To the Editor: Kleine-Levin syndrome is described as a triad of recurrent hypersomnolence, hyperphagia, and hypersexuality.1 However, an incomplete presentation characterized by hypersomnia (which is mandatory for clinical diagnosis), with or without hyperphagia, hypersexuality, cognitive disturbances, mood symptoms, compulsive behaviors, and perceptual abnormalities has also been described. We describe a patient with a clinical diagnosis of Kleine-Levin syndrome and the favorable response to lithium.
A 16-year-old girl presented with episodic hypersomnia for the previous 6 years. The episodes had an abrupt onset and occurred approximately once a month. The episodes lasted anywhere from 2 to 15 days. She would average about 20 hours of sleep in a day. She was observed by her family to be "dull," less interactive, and was unable to attend school. During the episodes she used to unusually crave and demand carbohydrate food. Repeated questioning and seeking reassurance were also observed, and she was unable to recollect events that occurred during episodes. She had received treatment from the third episode onward with various drugs including risperidone, olanzapine, valproate, carbamazepine, topiramate, and clobazam (a benzodiazepine) without remission from the episodes.
Biochemical and endocrine parameters including CT scan of the brain were all normal. Polysomnography was attempted, but she did not cooperate for the procedure. The treatment team considered a clinical diagnosis of Kleine-Levin syndrome. Lithium in 300 mg tablets was initiated as a prophylactic agent; the dose was increased later to 750 mg/day (serum level: 0.8meq/liter). The patient has been on lithium regularly for 6 months and has not had any recurrence of hypersomnia or behavior changes so far. She has once again returned to school and has resumed her studies.
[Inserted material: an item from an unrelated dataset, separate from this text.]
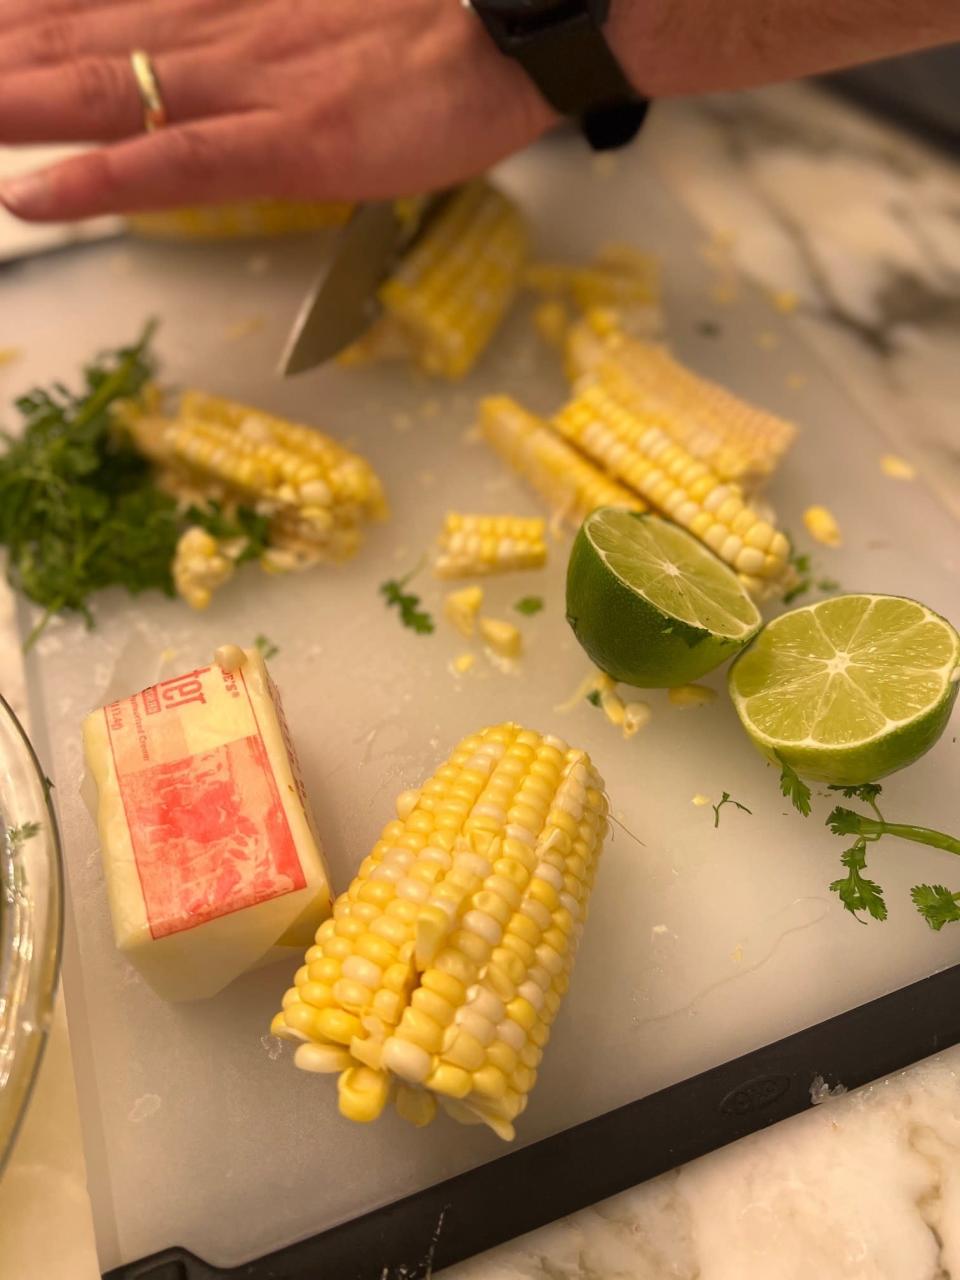 Corn and butter on a cutting board
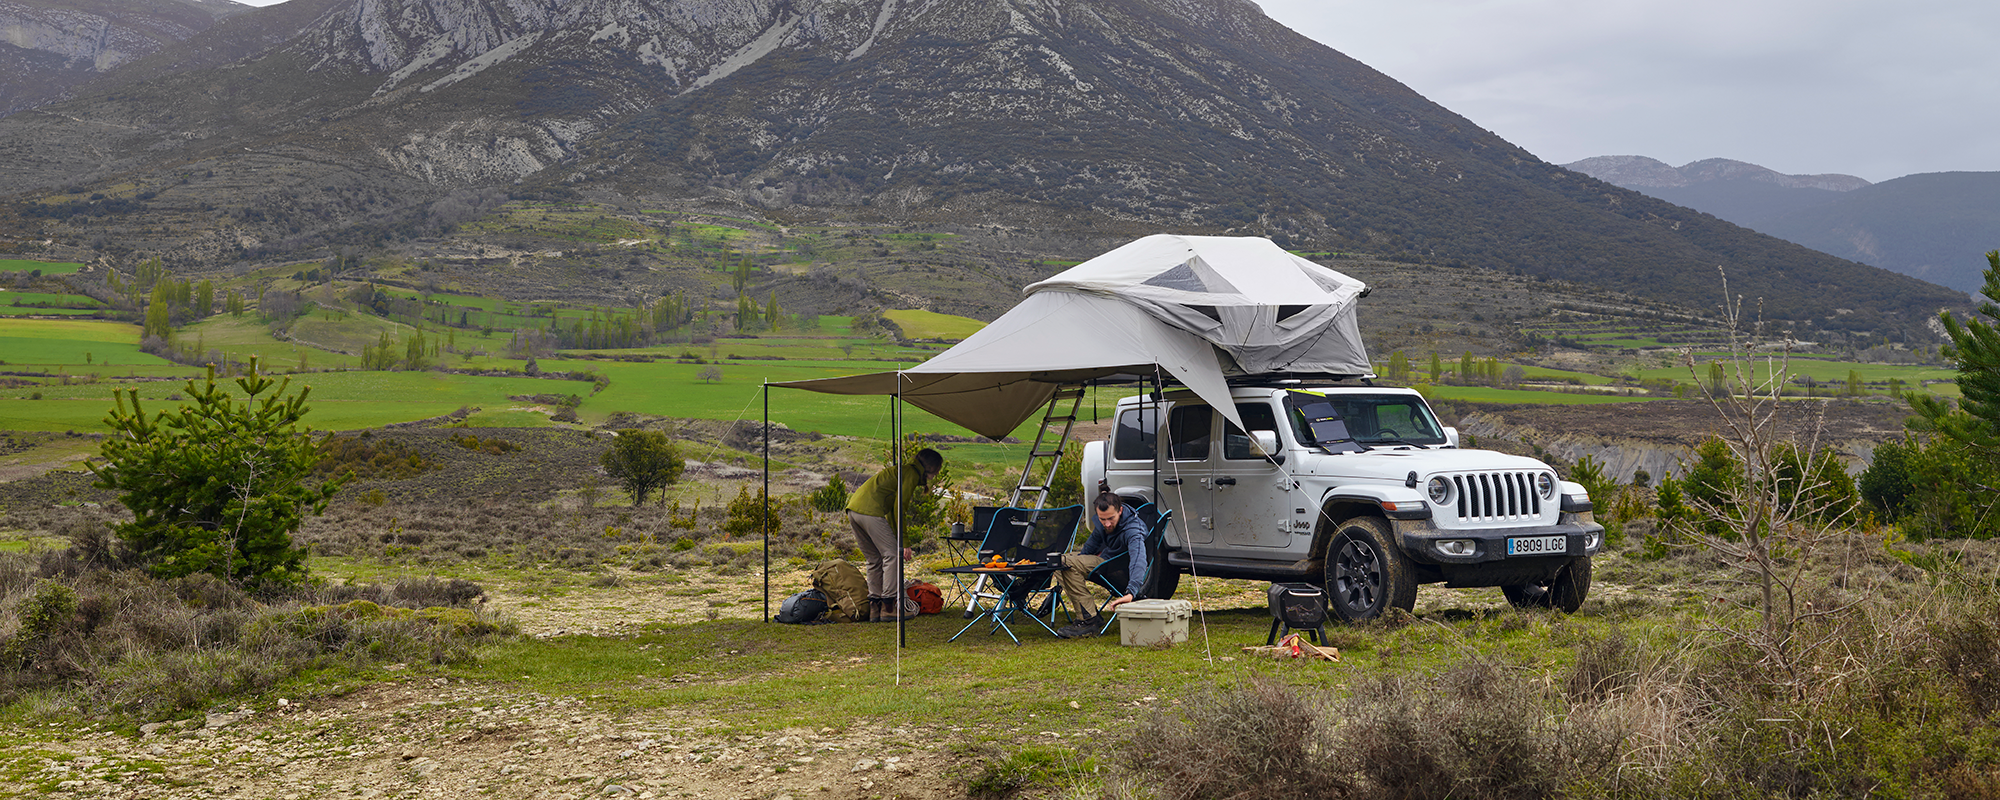 Two people sit in camping chairs under the awning of a jeep with a Thule Approach rooftop tent that is parked in the mountains.

An incomplete presentation is more common than the complete triad of hypersomnia, hyperphagia, and hyper sexuality.2 Patients can appear depressed and suicidal during the episode,1 and sometimes if the hypersexuality, social disinhibition, and behavioral dyscontrol predominate, they can mimic a manic episode as well.3 Derealization, perceptual abnormalities, and paranoid delusions can also be a part of the clinical picture. There is significant response to lithium in preventing further episodes (relapses) when compared with medical abstention in patients with Kleine-Levin syndrome.1,4 The therapeutic range of the response seems to be the same as required for prophylaxis of an affective disorder. Among stimulants, amphetamine reduced the sleepiness during episodes, but was not useful in preventing relapses. Various medications like antidepressants, antipsychotics, benzodiazepines, electroconvulsive therapy, -dopa, other stimulants, and mood stabilizers have been used with limited success.
We would like to emphasize that this report should interest all physicians, neurologists, and psychiatrists. As reviewed above, Kleine-Levin syndrome can resemble psychiatric conditions. The case highlights the need for psychiatrists to be aware of Kleine-Levin syndrome and the treatment options available once diagnosed. This case also illustrates the efficacy of lithium in preventing relapses in patients with Kleine-Levin syndrome.